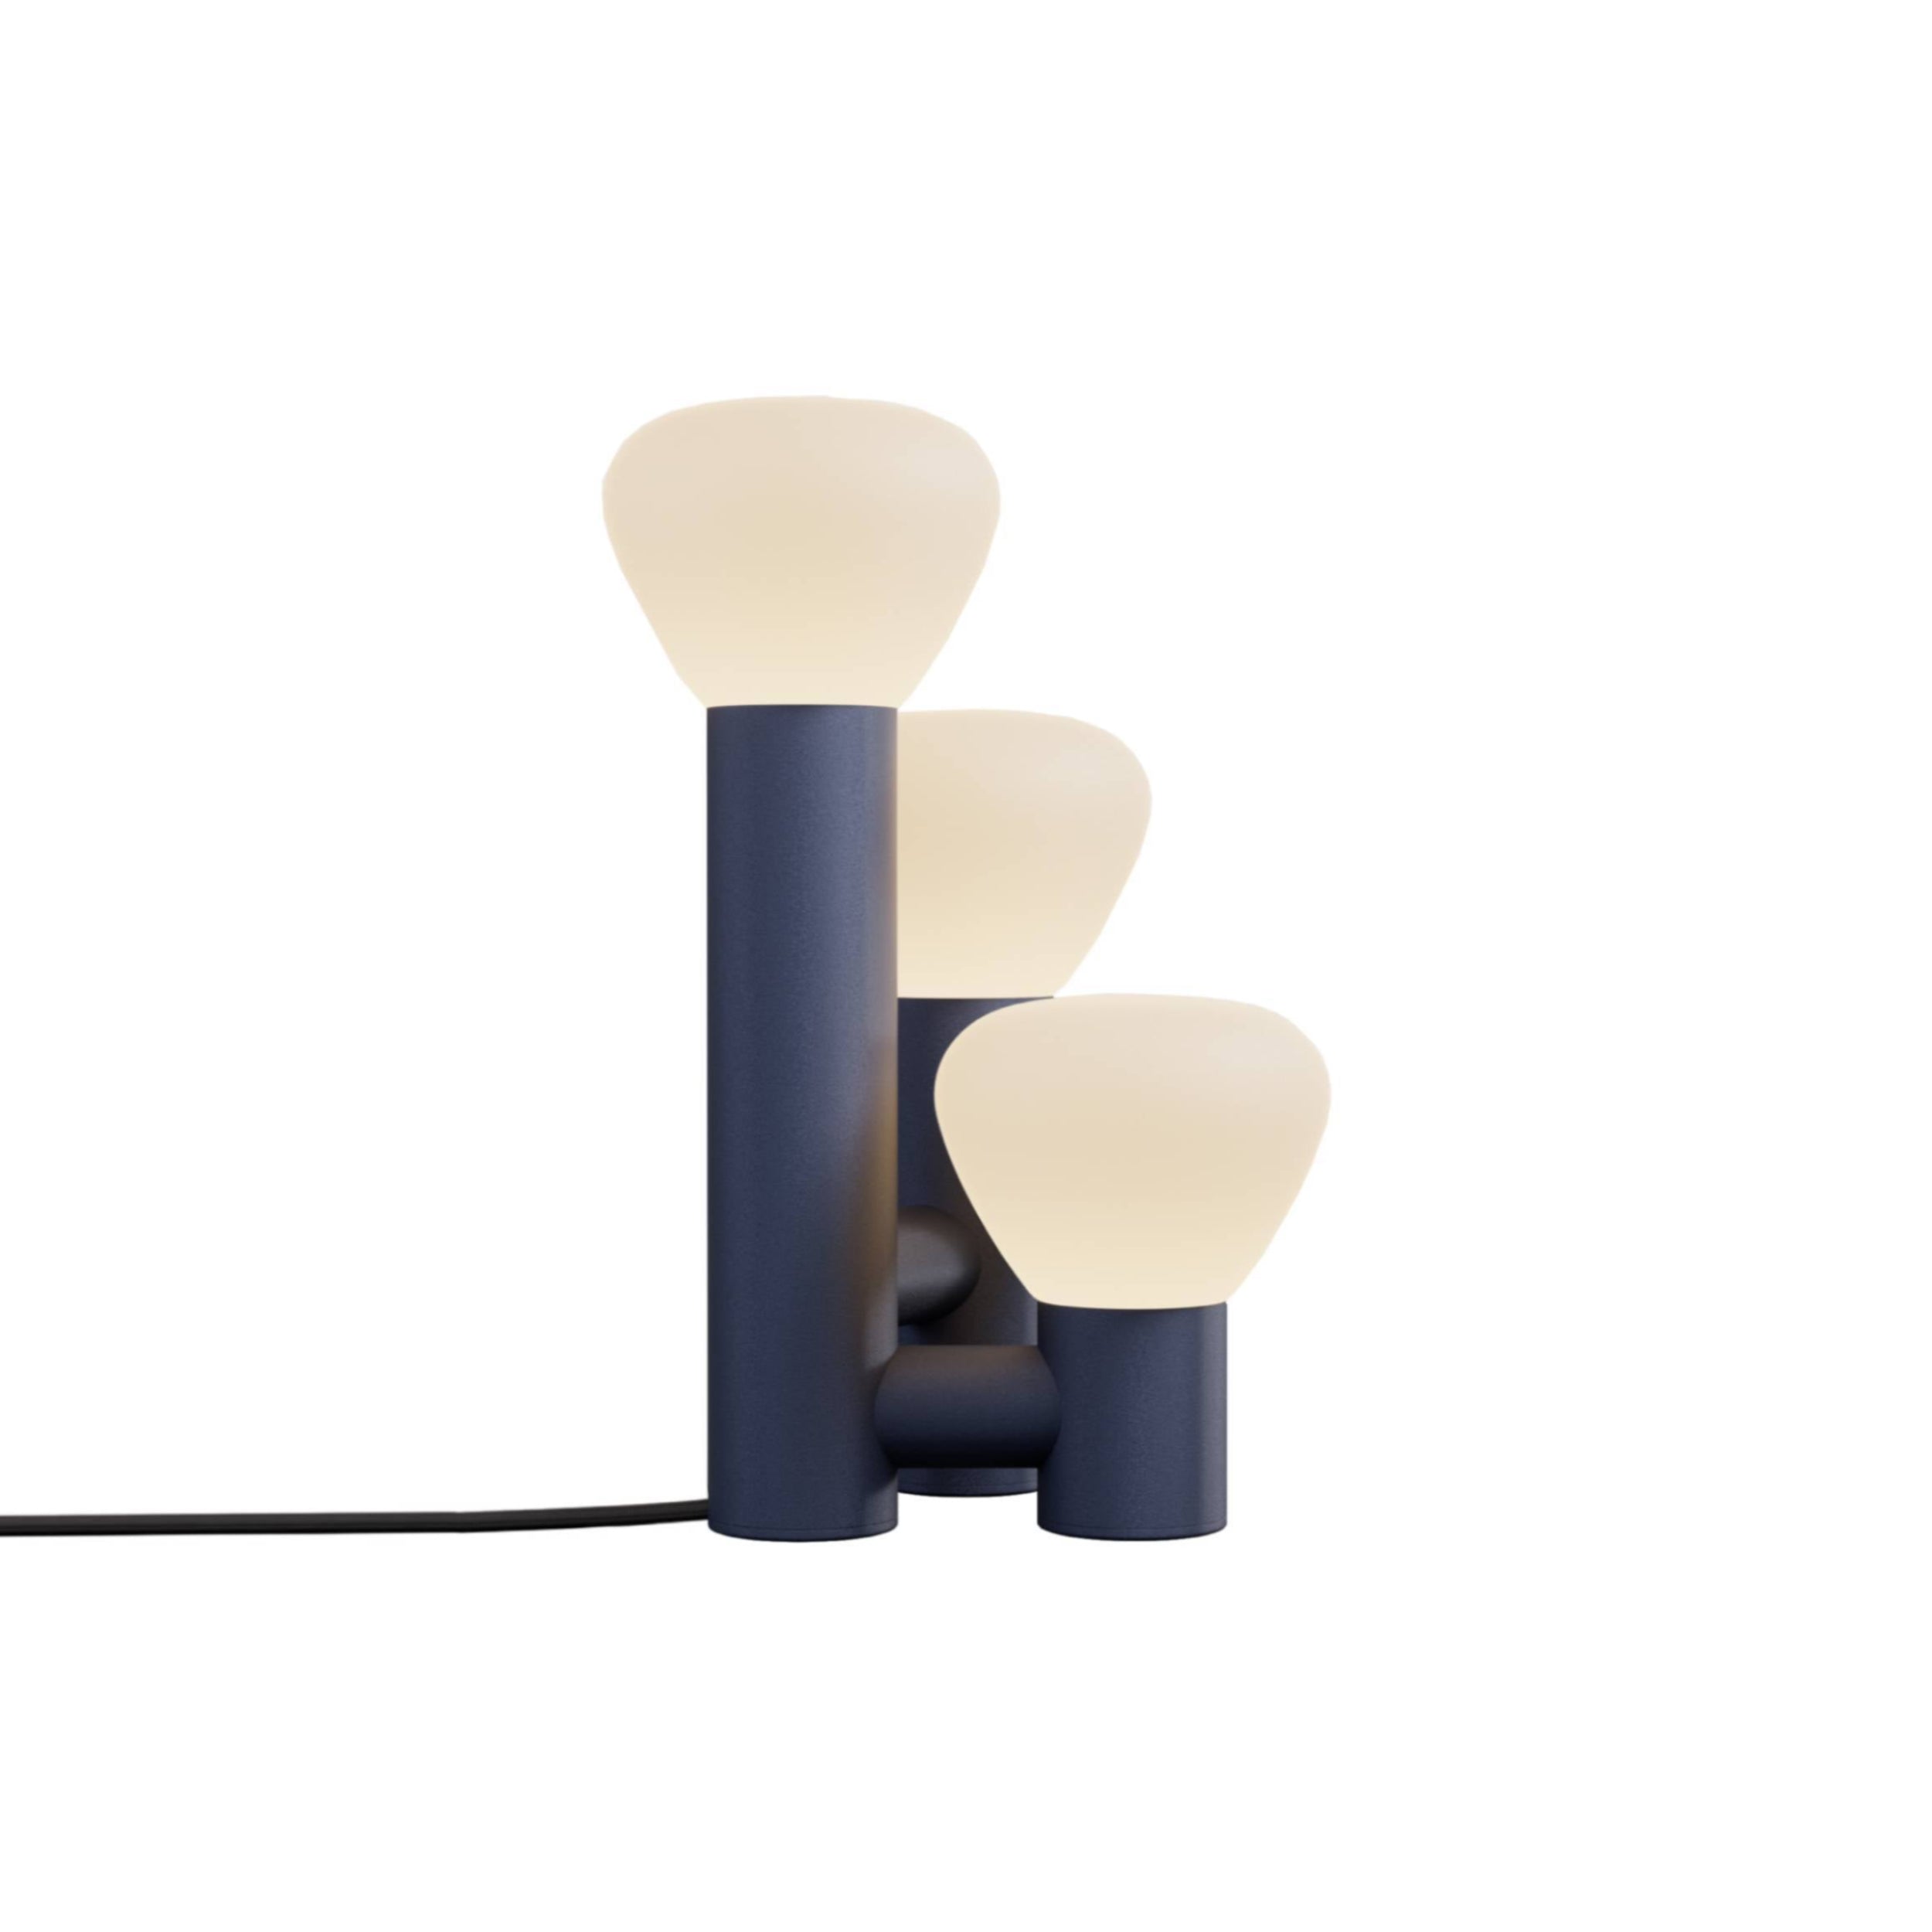 Parc 06 Table Lamp: Footswitch +  Midnight Blue + Black
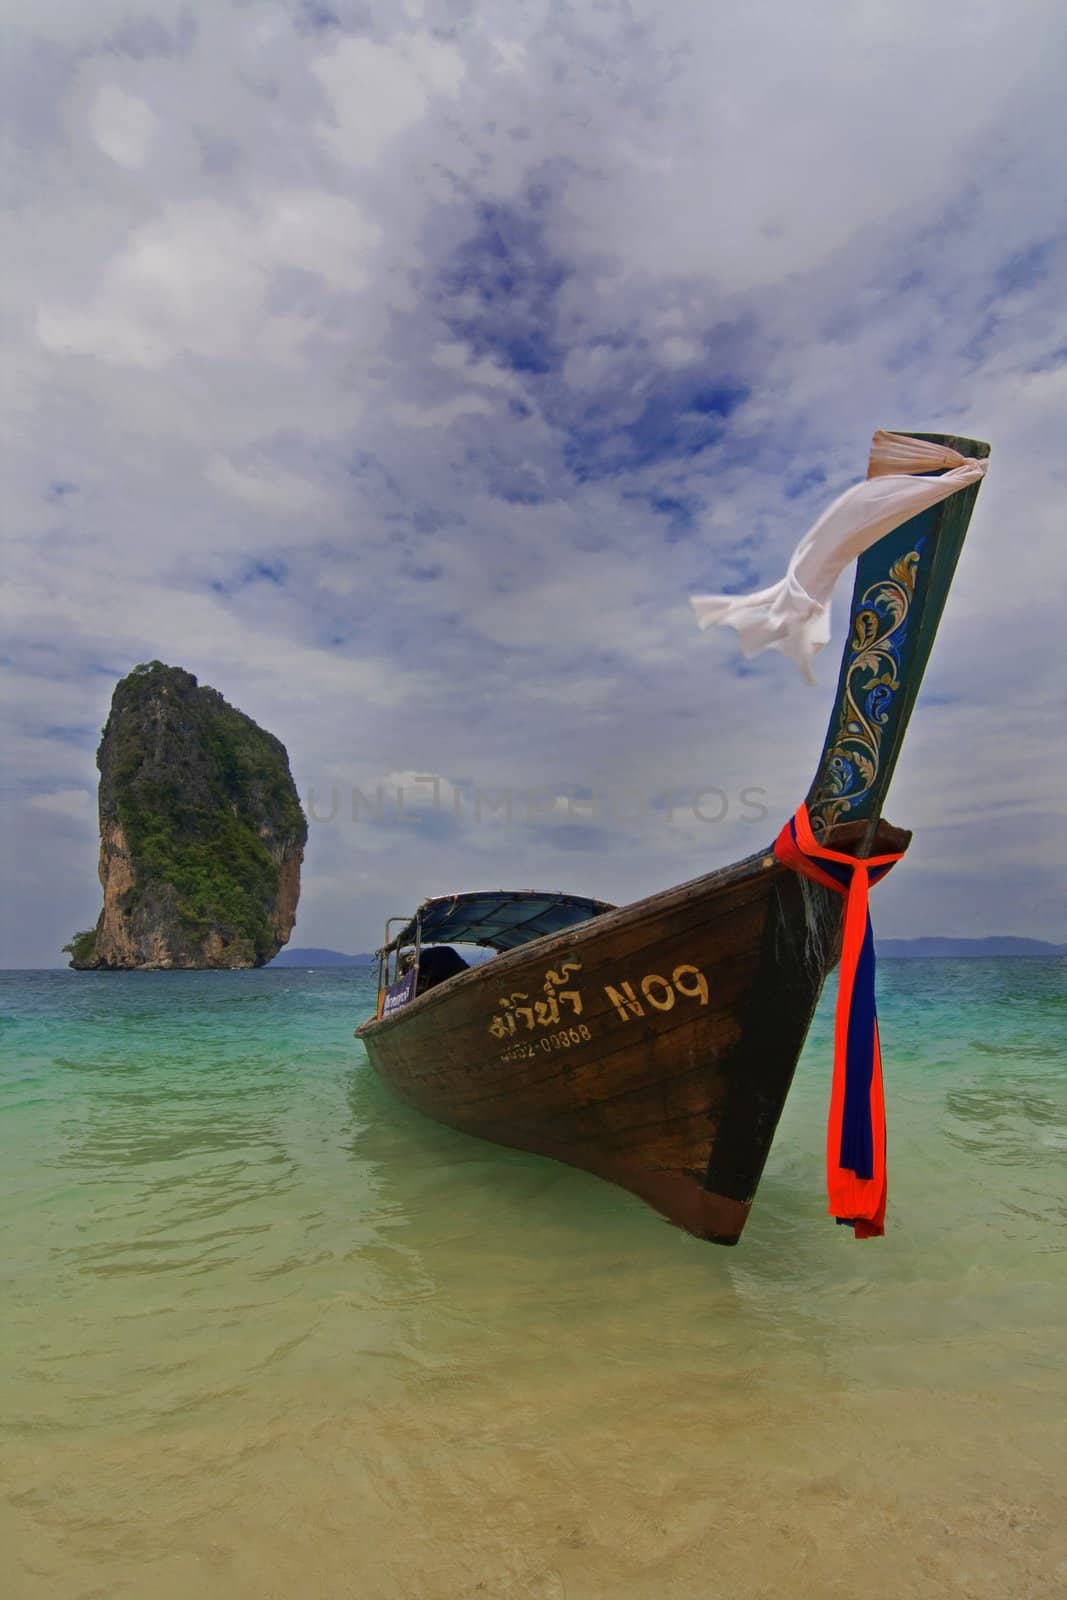 Longtailboat tied up at the beach in Thailand 
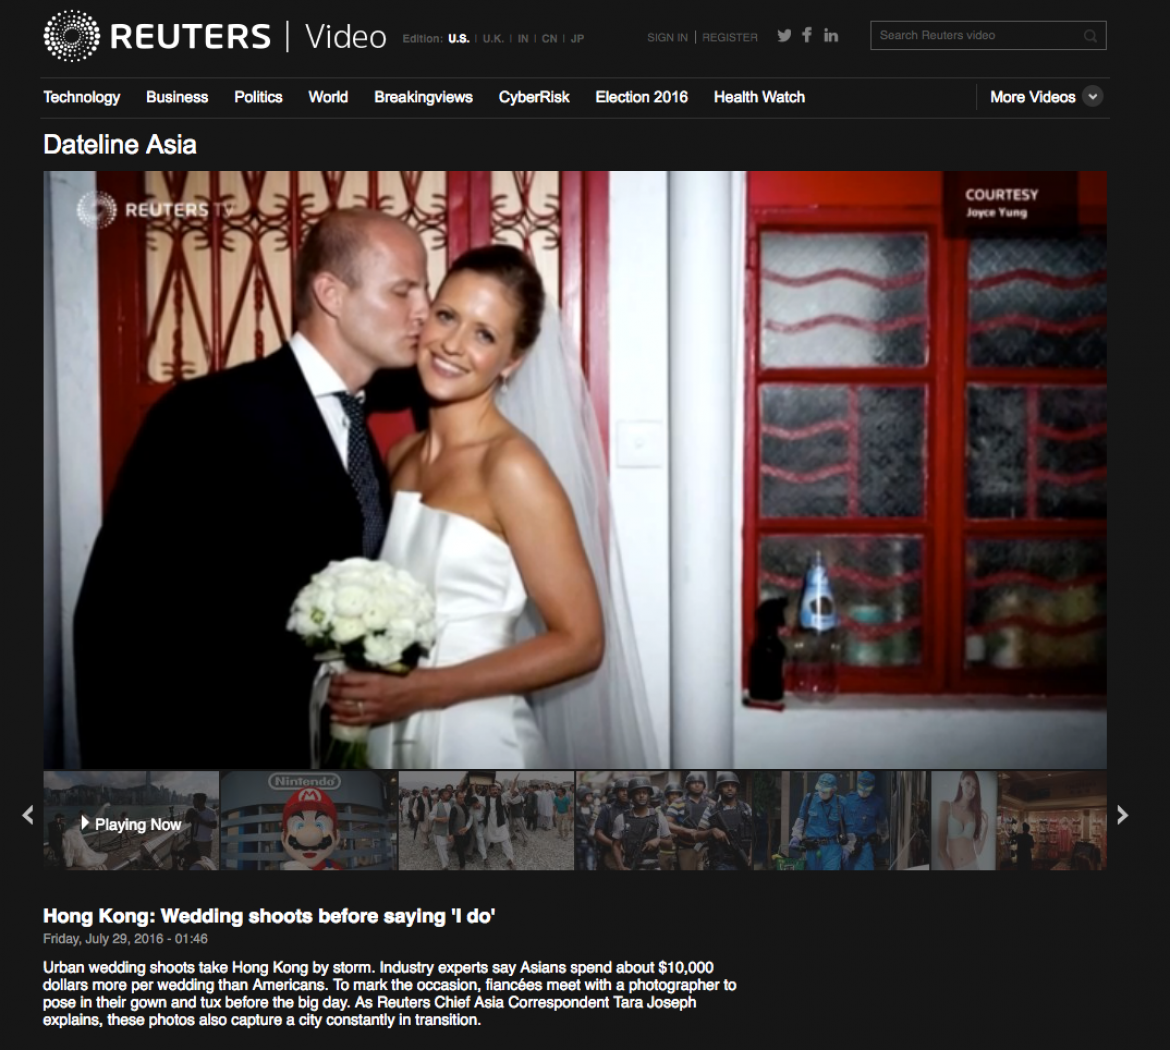 Joyce Yung on Thomas Reuters Video feature about Hong Kong engagement photography

▶ _Task to carry out_:
Locate "Longtailboat tied up" in the listing above, then print exactly the lines from that line through the final one, omitting all pictures.

▶ _Solution to this task_:
 Longtailboat tied up at the beach in Thailand 
 Joyce Yung on Thomas Reuters Video feature about Hong Kong engagement photography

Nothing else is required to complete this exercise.